The comparison to .d.ts files then seems bizarre because that is helpful for
language servers¹ to consume types, but there's no proof that say, the
implementation matches the type specification.

TypeScript declaration files _declare_ what the types of module exports are.
For the most part, a .d.ts file informs the typechecker "the type of module
Foo export bar is the interface named Quux". This is not _checked_ , this is
simply an assertion. The language server for TypeScript will pick these
definitions up, assume they are correct, and provide code completions for
those types as if they were correct.

On the other hand, a .ts file, combining types and codes, enables type
_checking_. If the type declarations are incompatible with the code, an error
is thrown by TypeScript. While .d.ts files _declare types_ , .ts files verify
that the code and the types declare are compatible.
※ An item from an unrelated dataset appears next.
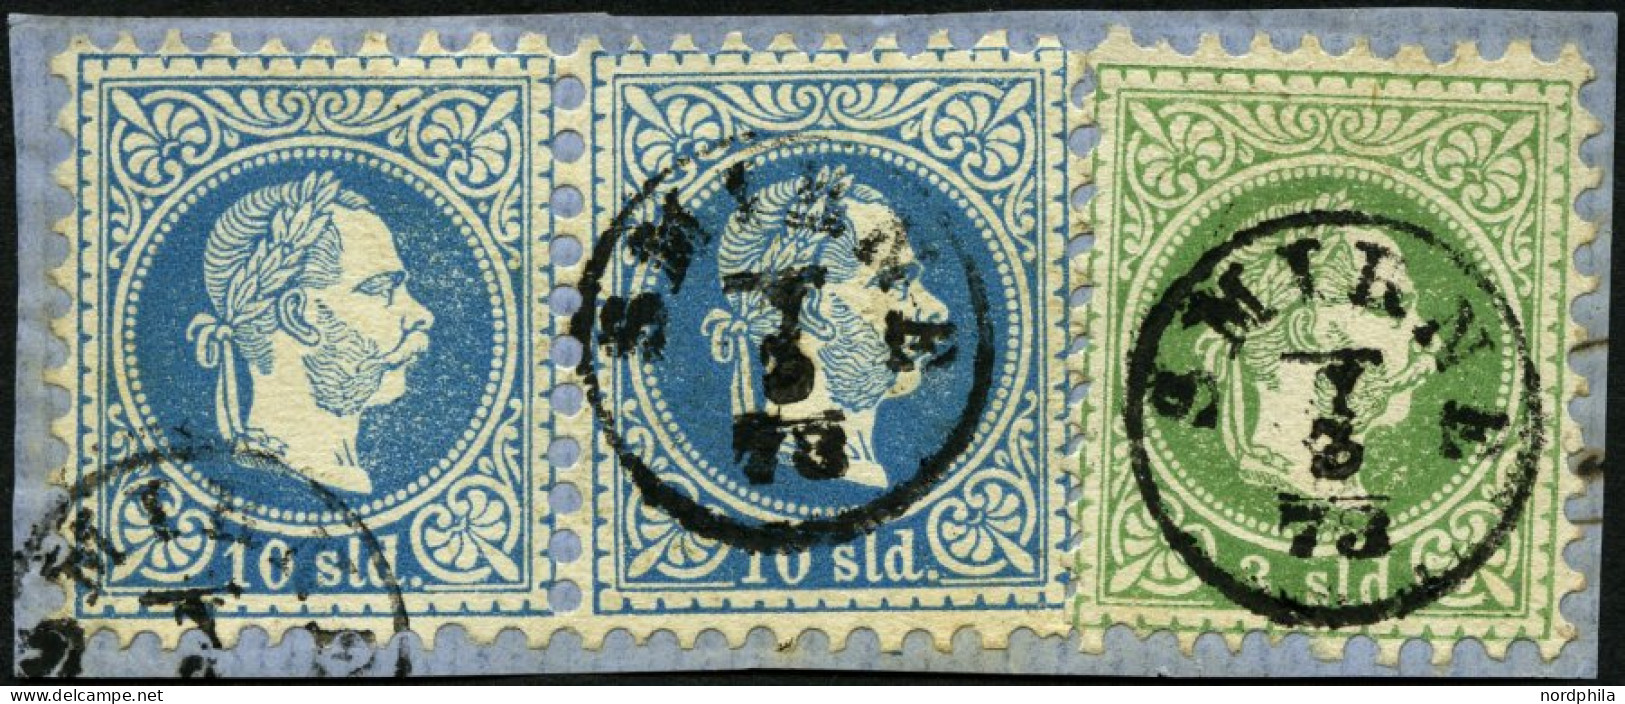 POST IN DER LEVANTE 2Ia,4Ia Paar BrfStk, 1867, 2 So. Grün Und 10 So. Blau Im Waagerechten Paar, K1 SMIRNE, Dekoratives P - Oostenrijkse Levant
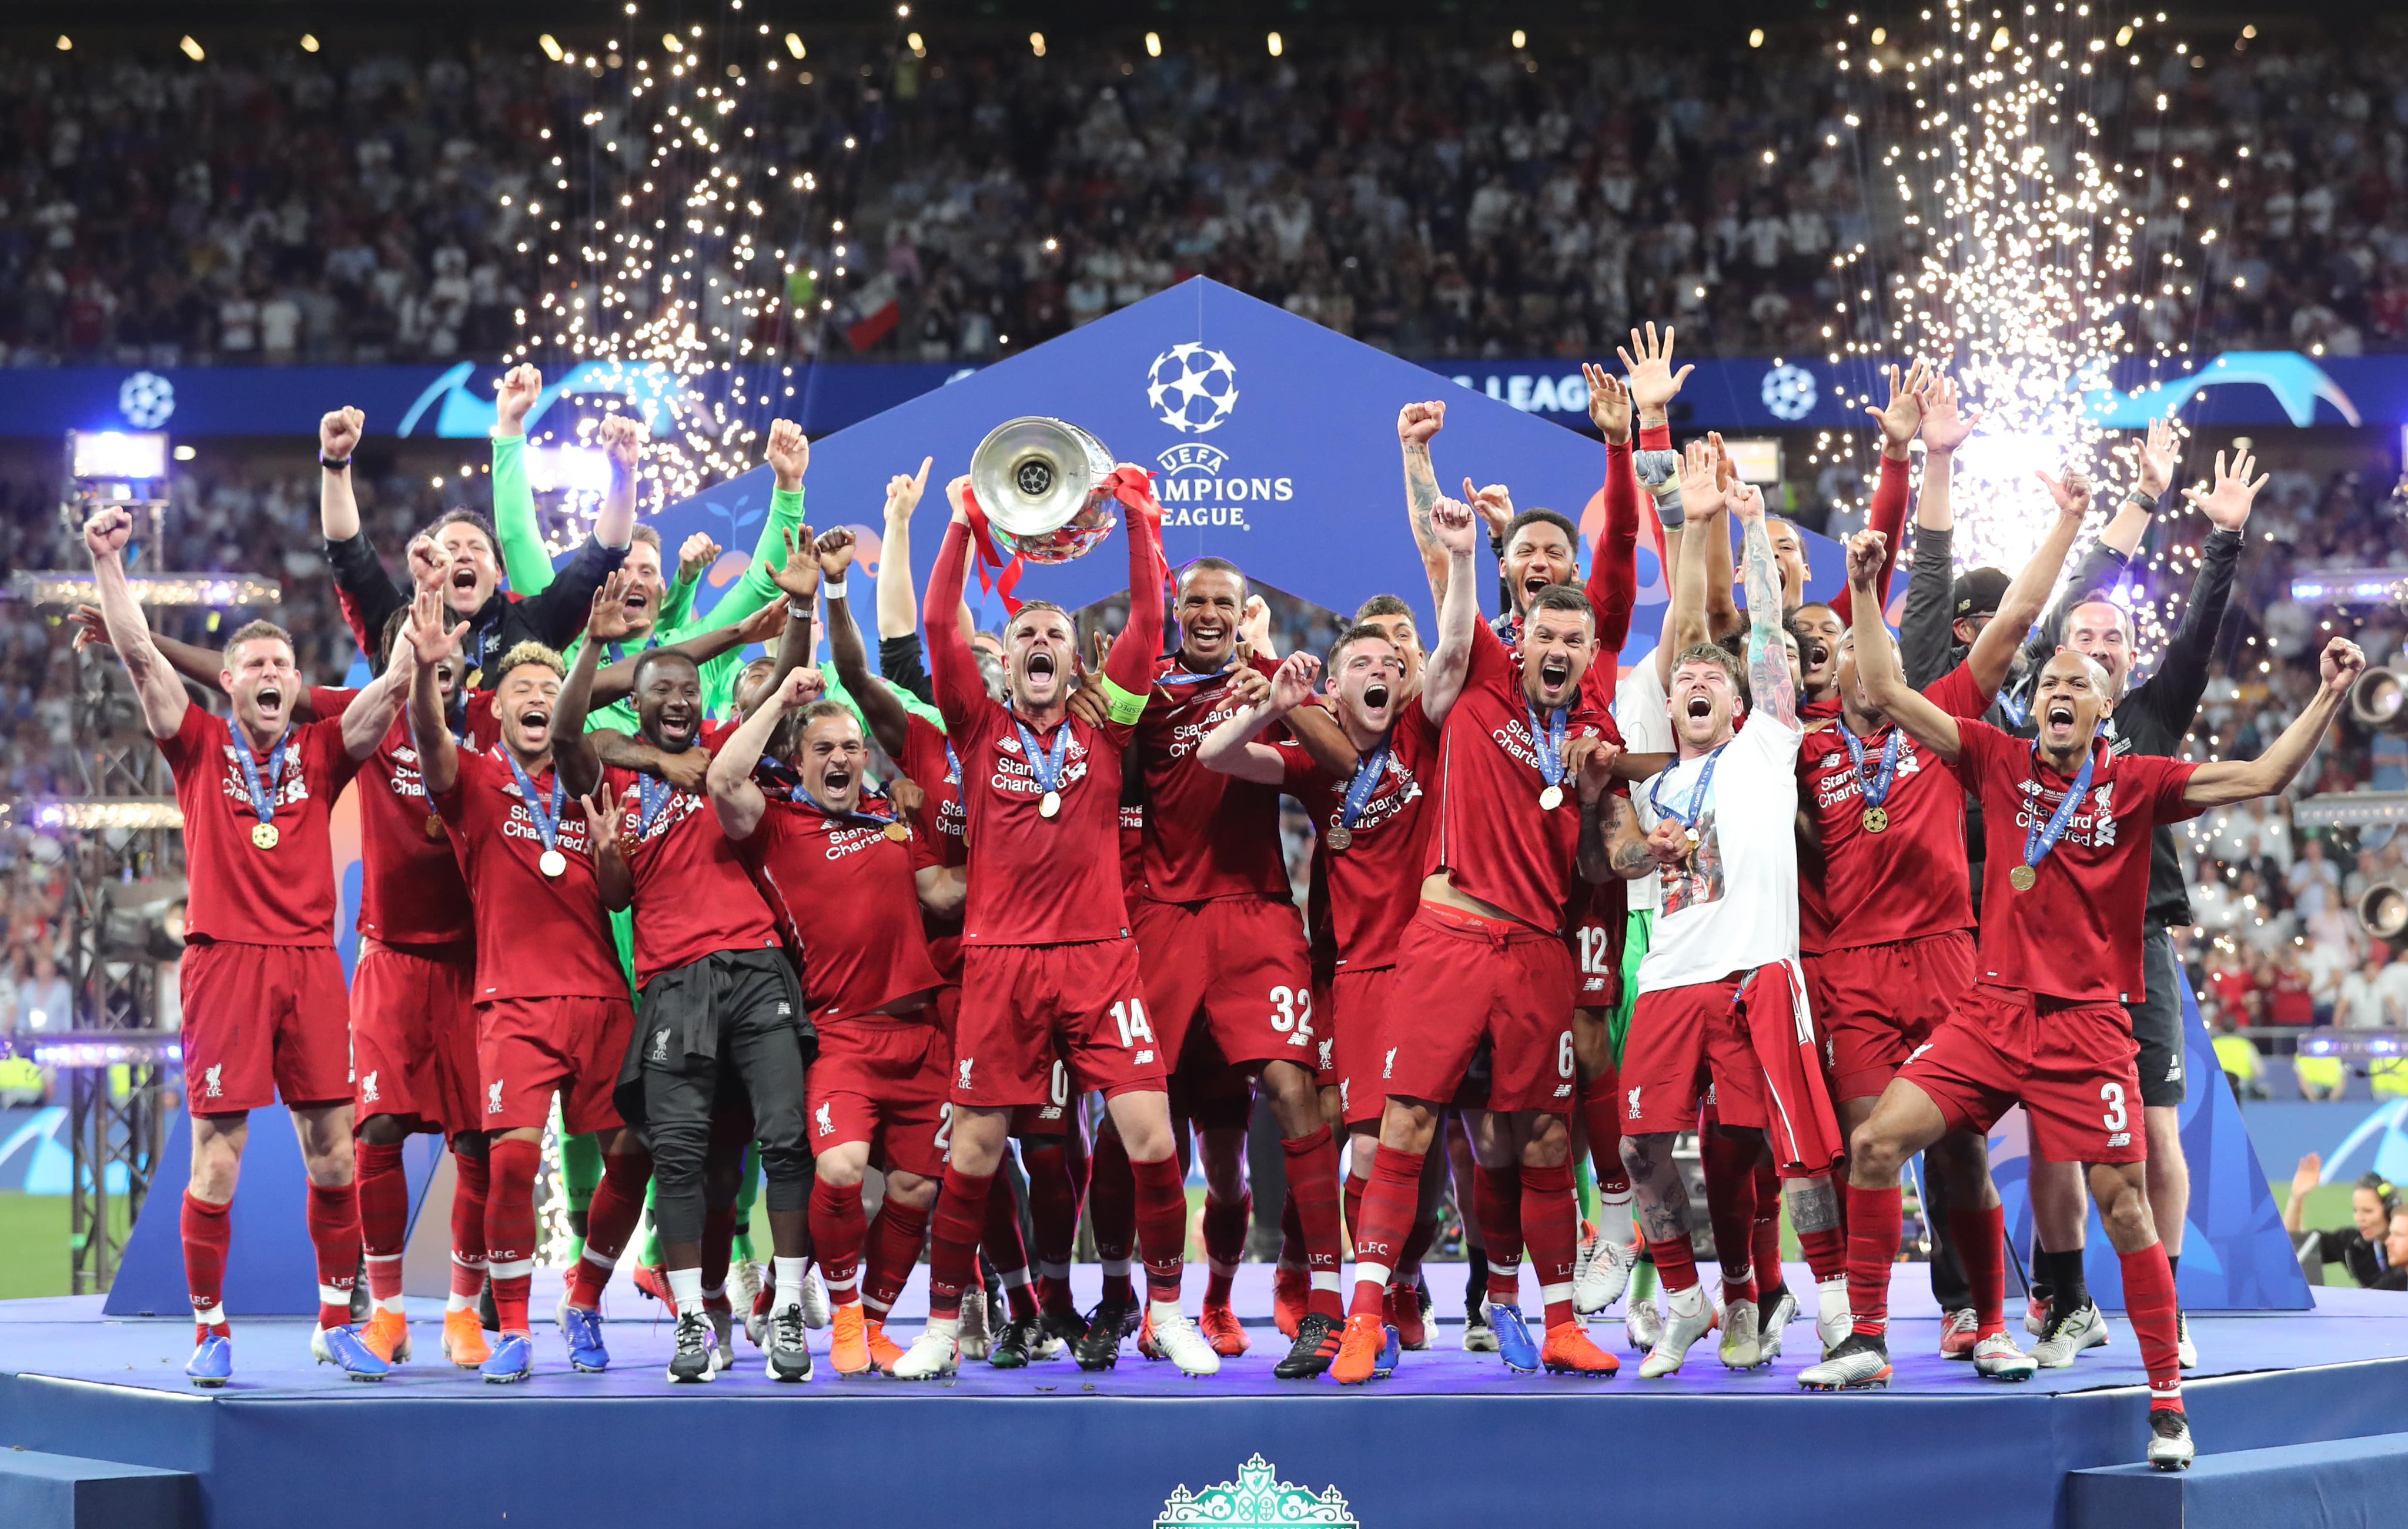 🏆 UEFA CHAMPIONS LEAGUE WINNERS 2018

Since .rbs files simply describe the external interface of types and modules,
and cannot describe internal variables, I'm not sure how it's doing any type
_checking_.

For example, if I have this code:

    
    
        module Foo
          class Bar
            def trivial: () -> String
          end
        end
    

What prevents me from writing this:

    
    
        class Bar
          def trivial
            return 42
          end
        end
    

Or alternatively, this:

    
    
        class Bar
          def trivial
            x = some_function_that_might_not_be_declared_in_an_rbs_file()
            return x
          end
        end
    

Does x have a type? Can I gradually type "class Bar" via type inference, or do
I have to declare _and keep in sync_ all my rbs files with my rb files? What
happens when the rbs file is out of sync with the rb file?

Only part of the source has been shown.